#### [Assignment]
Write the listing below out again in full, dropping its pictures.

#### [Raw data]
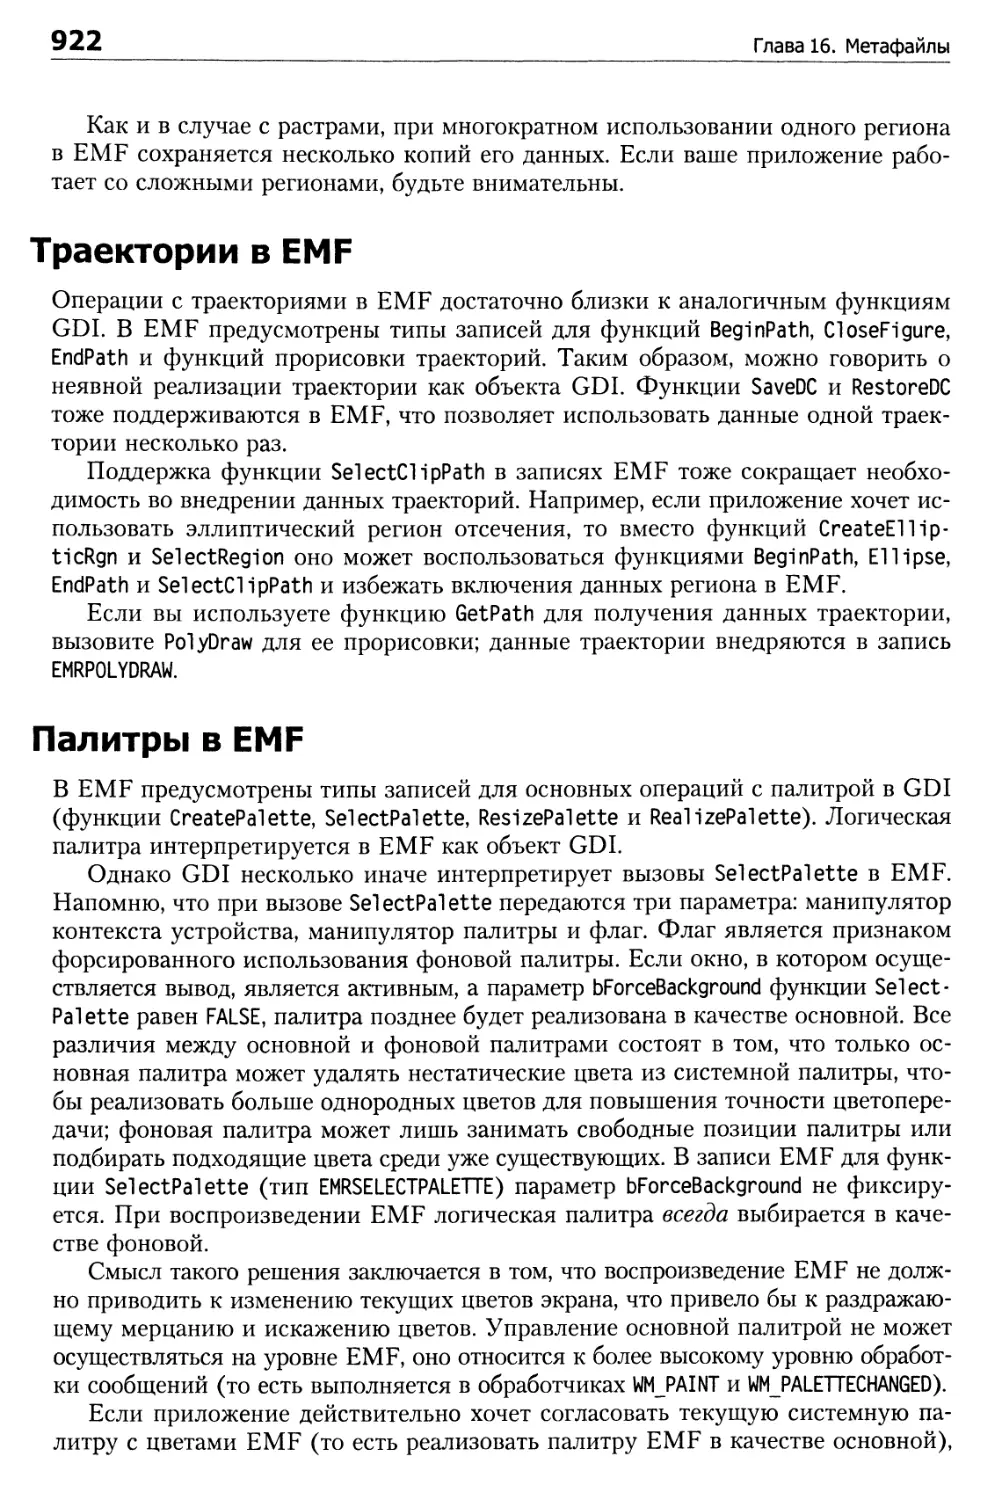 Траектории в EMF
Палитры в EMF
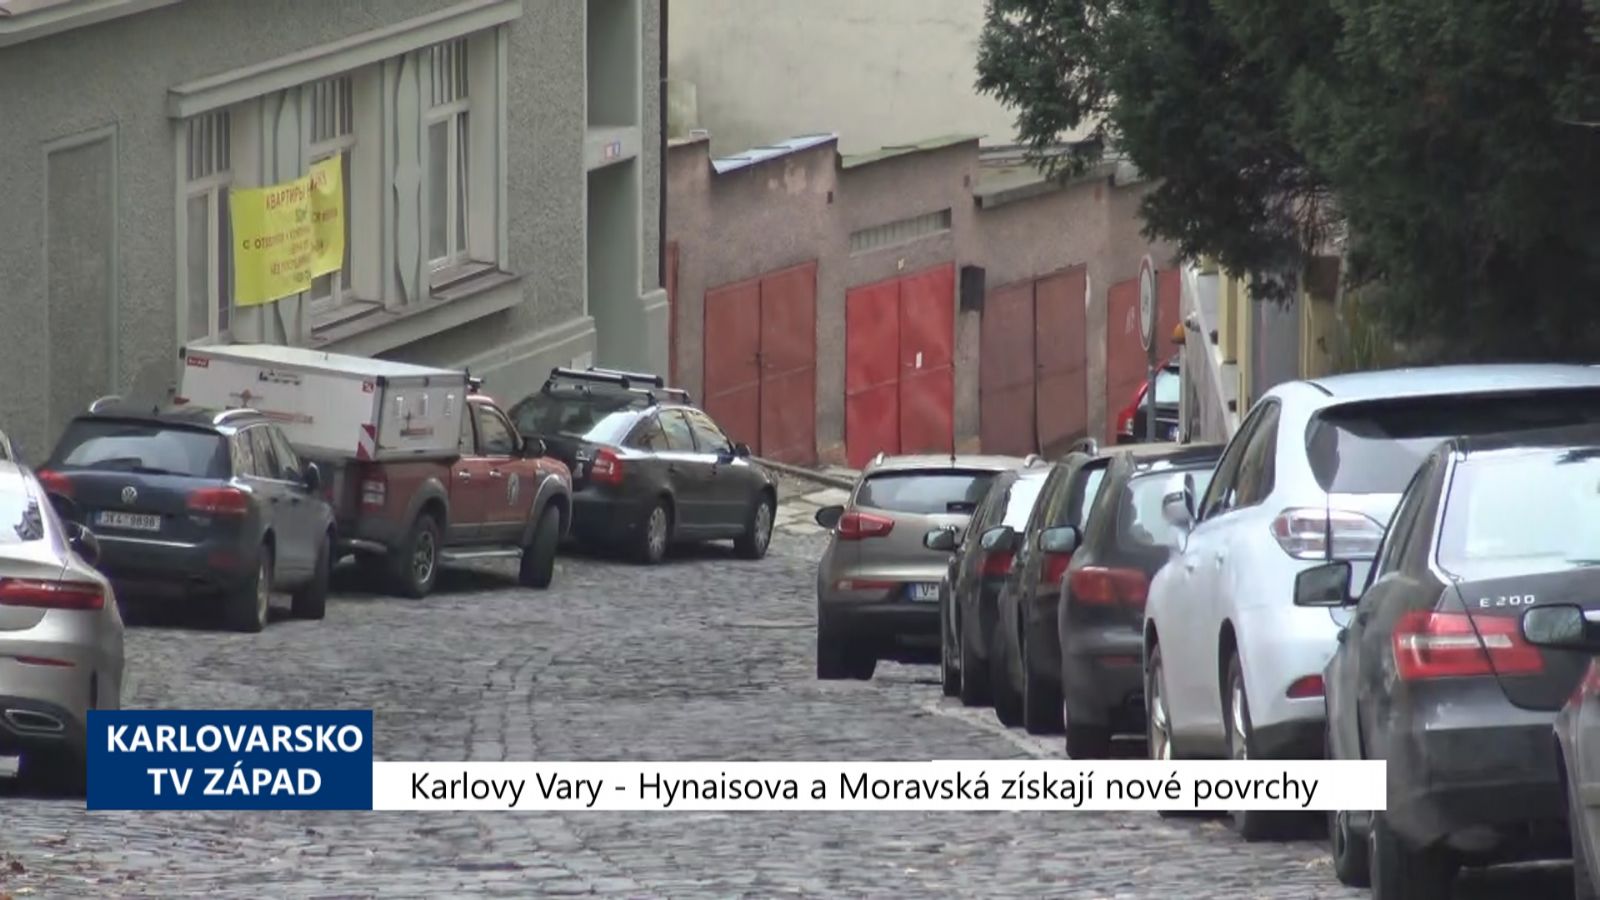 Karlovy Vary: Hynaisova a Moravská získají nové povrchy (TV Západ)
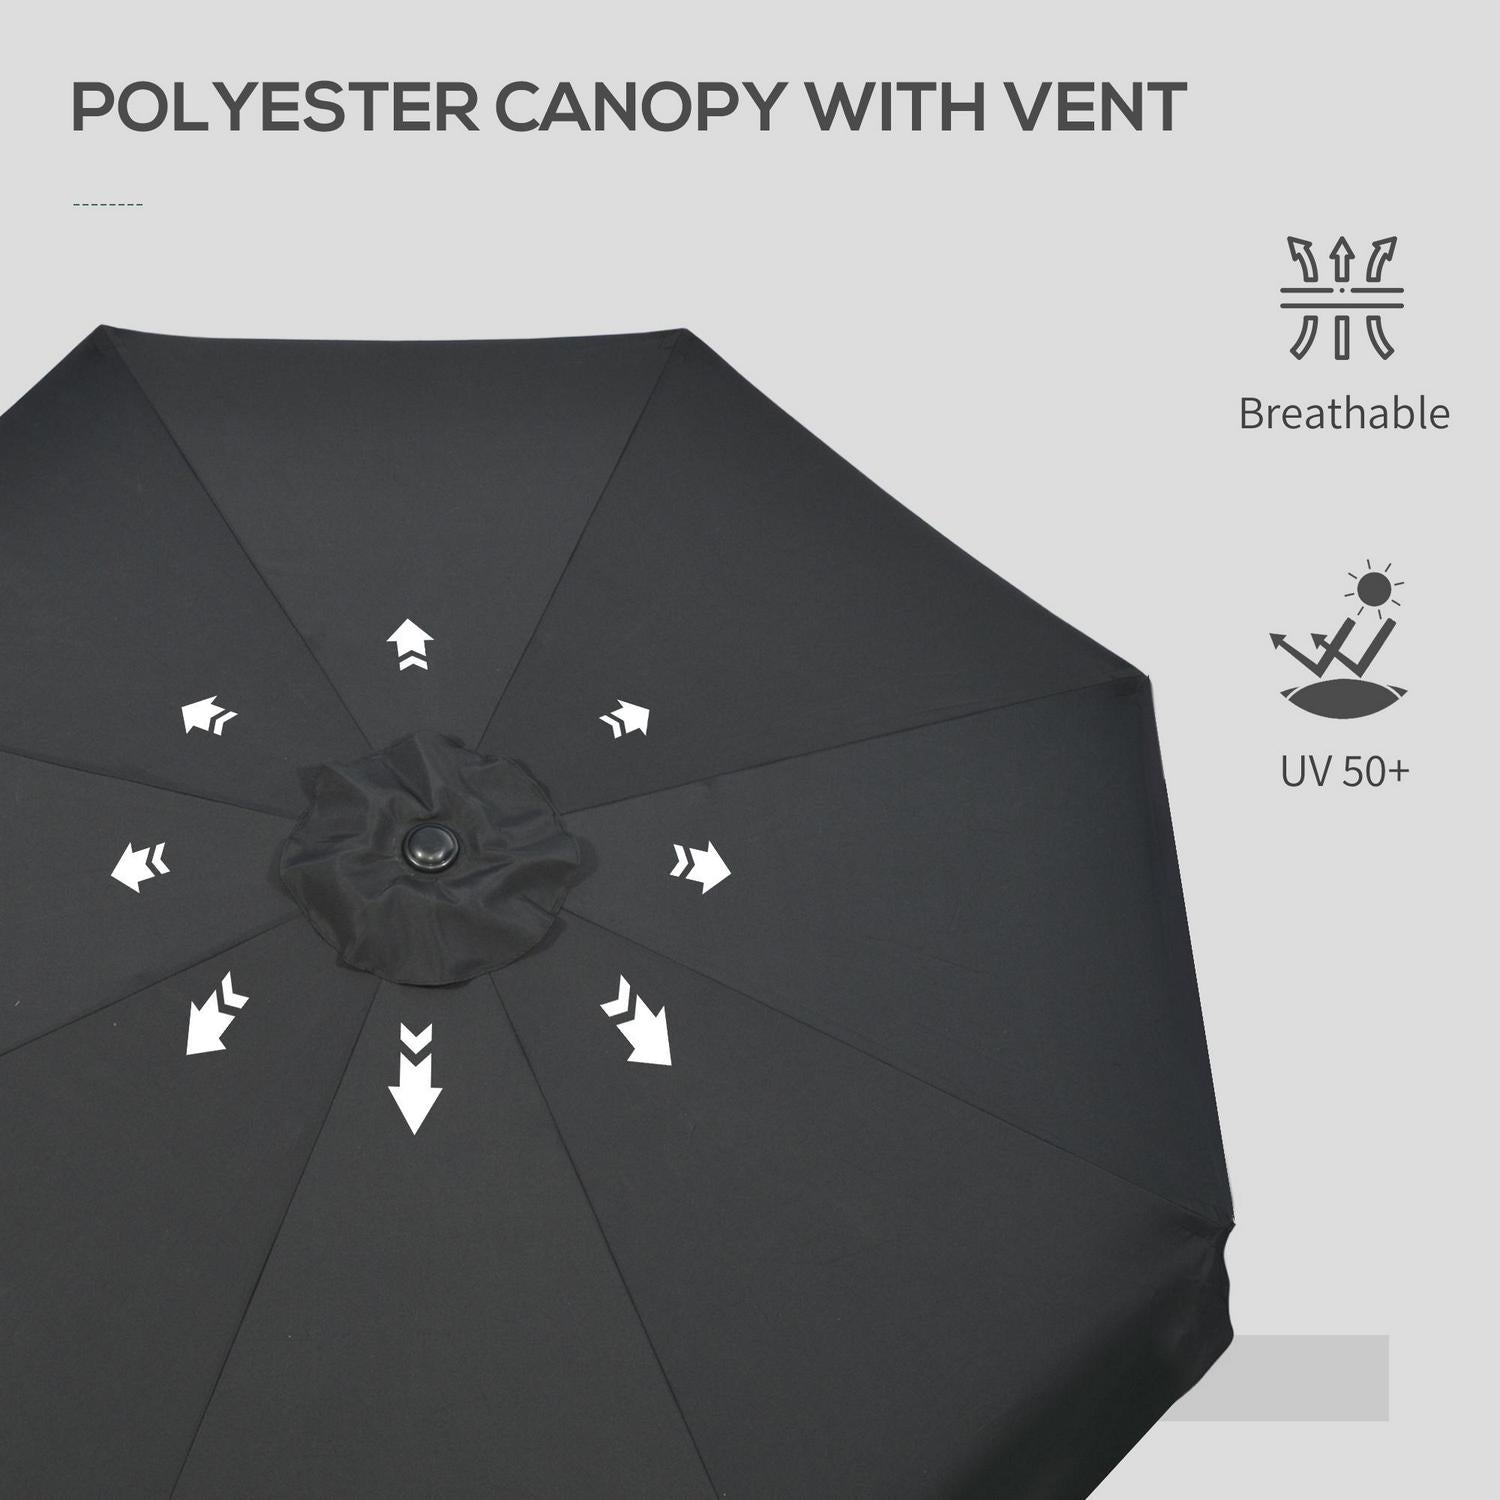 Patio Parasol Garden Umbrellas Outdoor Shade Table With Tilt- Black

#### [Solution]
 Траектории в EMF
Палитры в EMF
 Karlovy Vary: Hynaisova a Moravská získají nové povrchy (TV Západ)
 Patio Parasol Garden Umbrellas Outdoor Shade Table With Tilt- Black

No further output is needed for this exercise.